Questions regarding the power of the Dublin government to act independently of central European legislation to protect only the six Irish-owned banks proved problematic. However, the need to act with speed amid global uncertainty and fear in the financial markets ensured these concerns were overridden.
“These six institutions do not have any other friend in the EU or on the continent of Europe. All of the other banks that are referred to... are subsidiaries of banks, the ultimate responsibility for which rests with other member states,” Mr Lenihan added.
Speaking during a chaotic and confused debate in the Dail chamber shortly before midnight, Mr Lenihan denied that delays in bringing forward the legisation were due to European law on competition.
“We are satisfied that we are in accordance with our obligations to the European Union,” said Lenihan. Of course, complaints may be made to the [European] Commission [but] we have been advised by the Attorney General that we are acting in accordance with those obligations”.

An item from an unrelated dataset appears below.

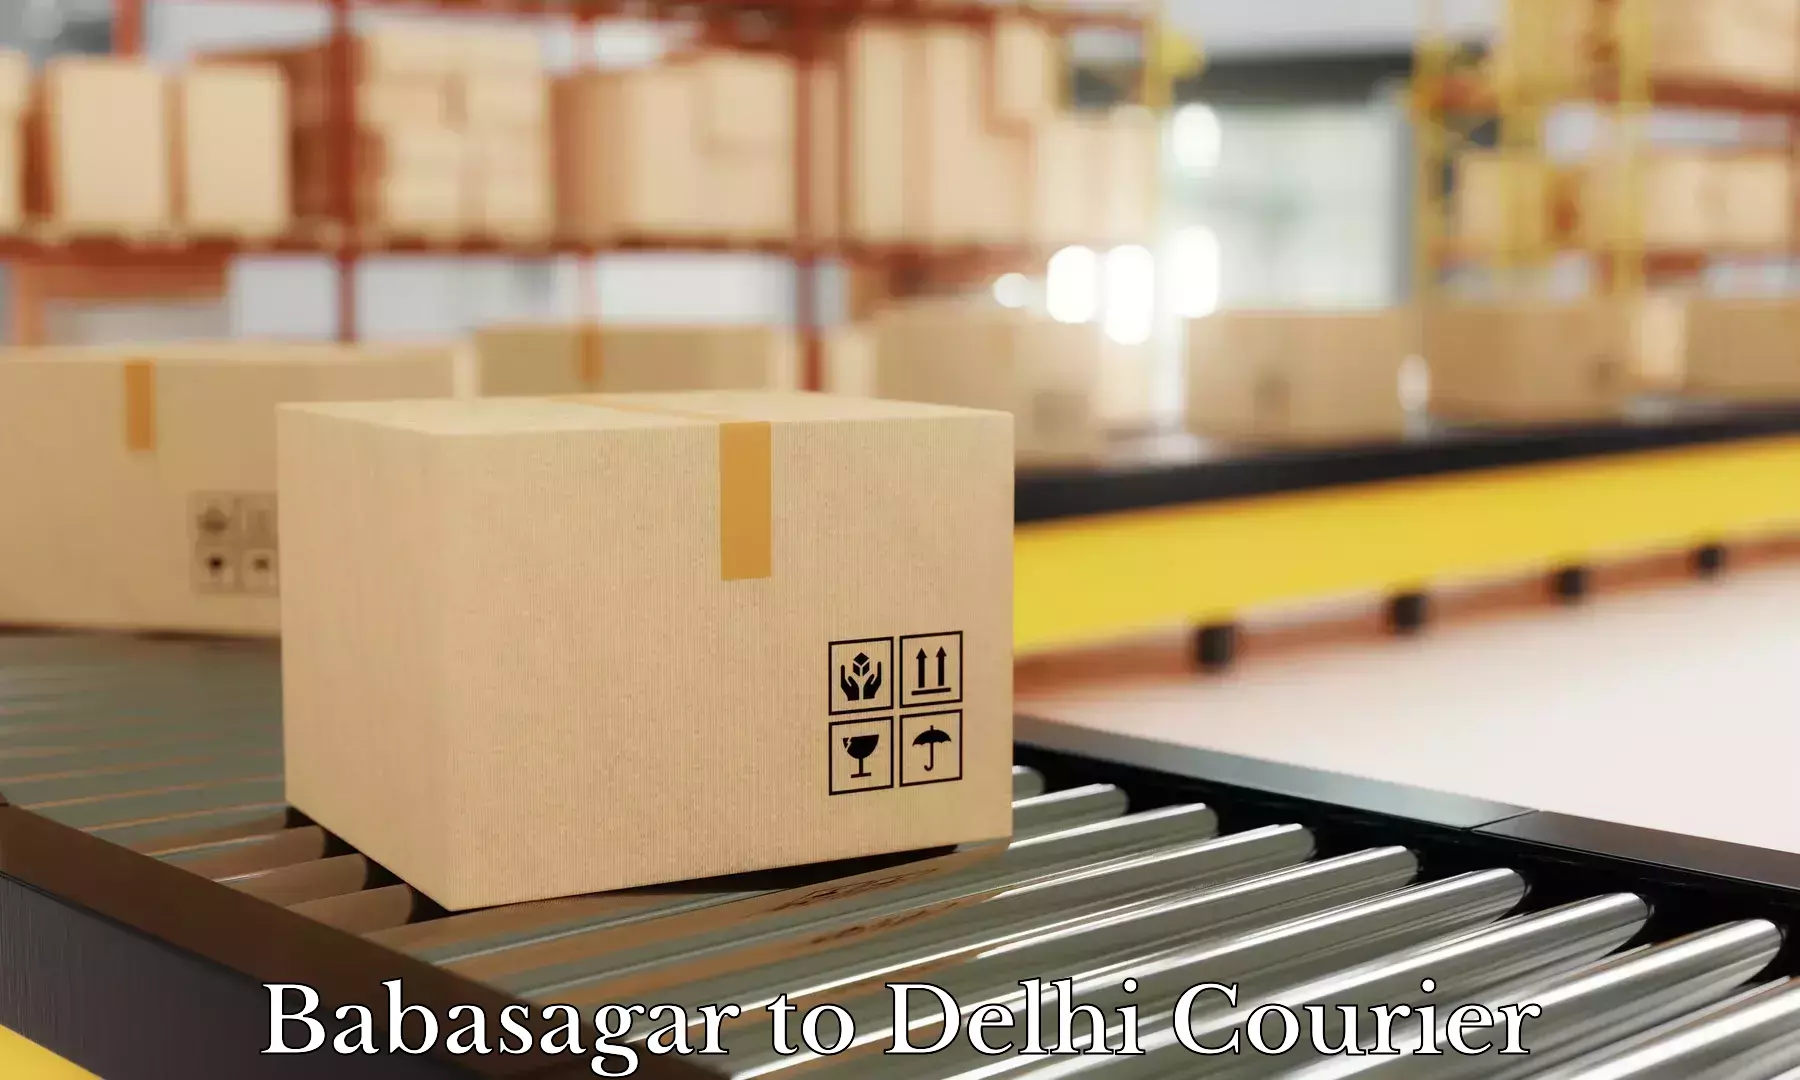 Luggage shipment strategy in Babasagar to Sarojini Nagar

While the Minister said the institutions would be required to pay a charge for this support, it was still unclear last night what cost to the banks was involved.
The institutions in question have previously been criticised for profligate lending practices which exposed Irish home buyers and the institutions themselves to the consequences of the recent collapse in house prices. Opposition parties tonight queried the degree to which Irish taxpayers were being required to effectively foot the bill for the high-stakes gambles of the banks and building societies.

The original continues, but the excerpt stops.